Type 1 Diabetes: Risk Differs Depending on Affected Family Member
Type 1 diabetes is an autoimmune disease in which the immune system destroys the body's own insulin-producing beta-cells in the pancreas, leaving patients with a lifelong dependency on external insulin. Children whose parents or siblings have type 1 diabetes have an 8- to 15-fold increased risk of developing the autoimmune disease themselves. However, this risk is not evenly distributed: the child of a mother with type 1 diabetes has a lower risk of developing type 1 diabetes than a child with a father or sibling with type 1 diabetes. Of interest, genetic susceptibility to type 1 diabetes has been shown to be comparable between the offspring of mothers and the offspring of fathers with type 1 diabetes. Therefore, researchers suspected that early-life epigenetic programming may be a key mechanism through which maternal type 1 diabetes confers a protective effect.

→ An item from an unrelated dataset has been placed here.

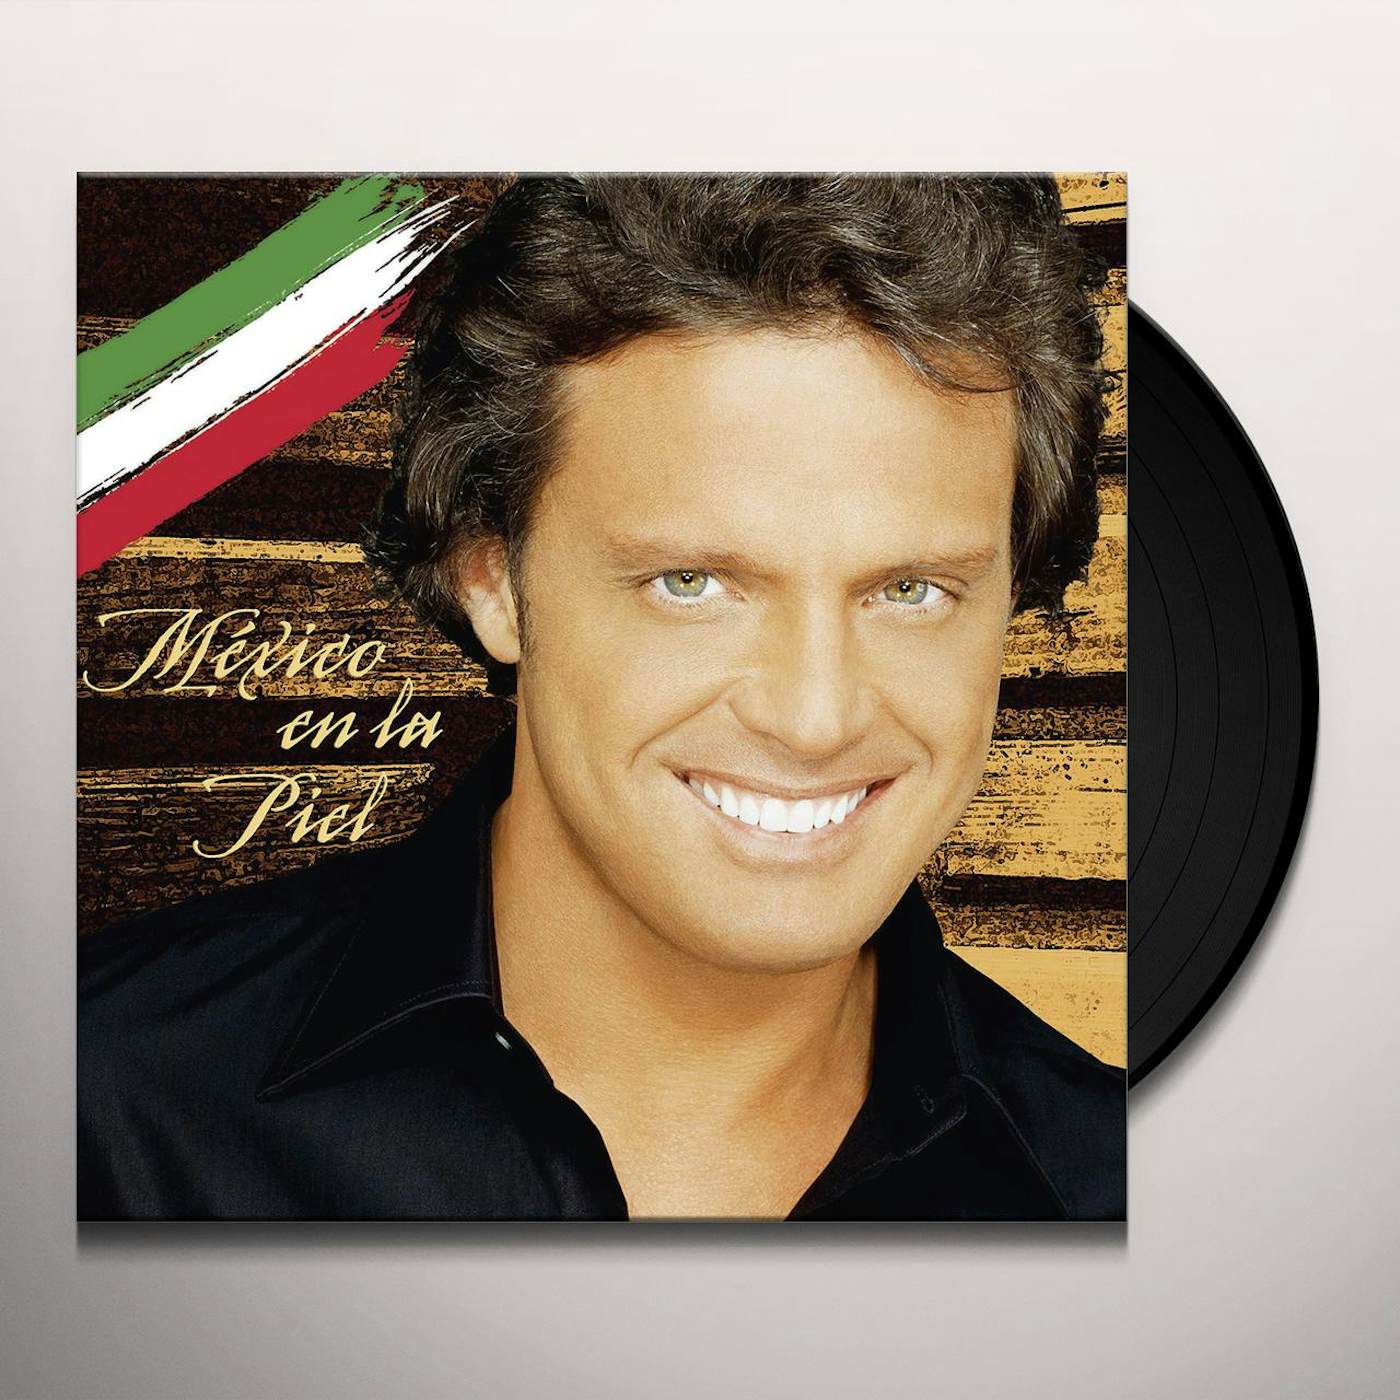 Tote Bag LM – Luis Miguel Official Merchandising

Epigenetic mechanisms such as DNA methylation determine which genes are ultimately read and expressed. By changing DNA methylation patterns, environmental influences in the womb such as smoking by the mother, medical conditions, stress, or diet can have far-reaching effects on a child's health by switching genes on or off in the early life period and later in life. Hence, specific environmental conditions in the womb of a mother with type 1 diabetes, the so-called intrauterine environment, may influence the child's risk for islet autoimmunity through epigenetic modifications.

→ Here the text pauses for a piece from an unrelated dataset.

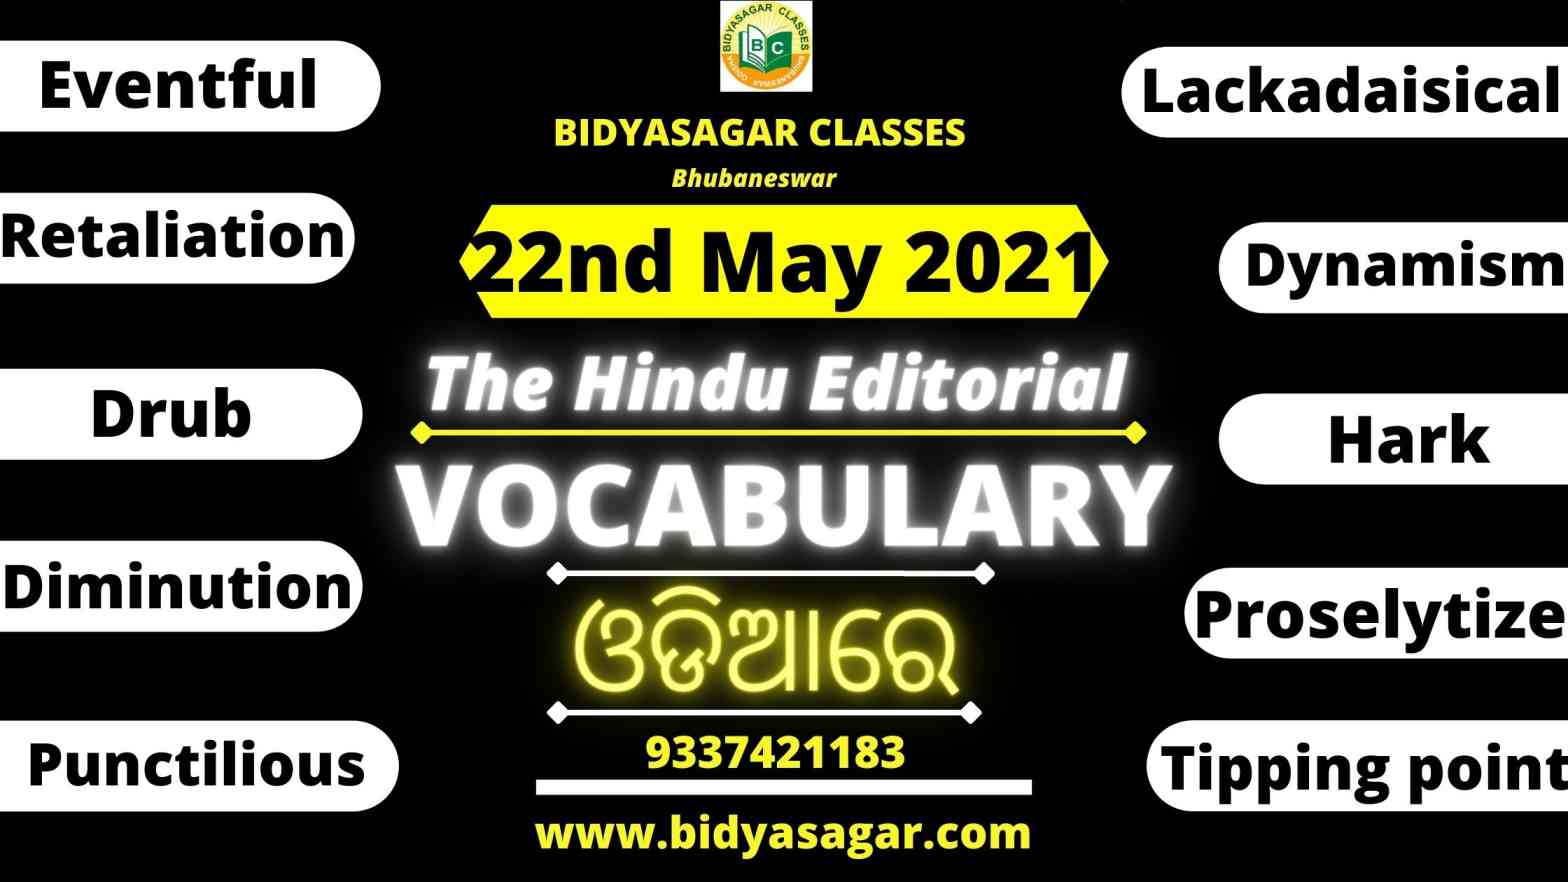 The Hindu Editorial Vocabulary of 22nd May 2021

Blood Methylation Changes at T1D Risk Genes Appear to Protect Against Islet Autoimmunity
"We observed DNA methylation changes at multiple type 1 diabetes susceptibility genes in children born to mothers with type 1 diabetes," says Prof. Sandra Hummel, researcher at the Helmholtz Munich Institute for Diabetes Research and last author of the study.
Her team investigated how maternal type 1 diabetes influences the child's epigenome. In a new epigenome-wide association study, they identified that maternal type 1 diabetes is associated with specific epigenetic marks in the form of DNA methylation in the child. These changes appear to affect the expression of several genes involved in immune function.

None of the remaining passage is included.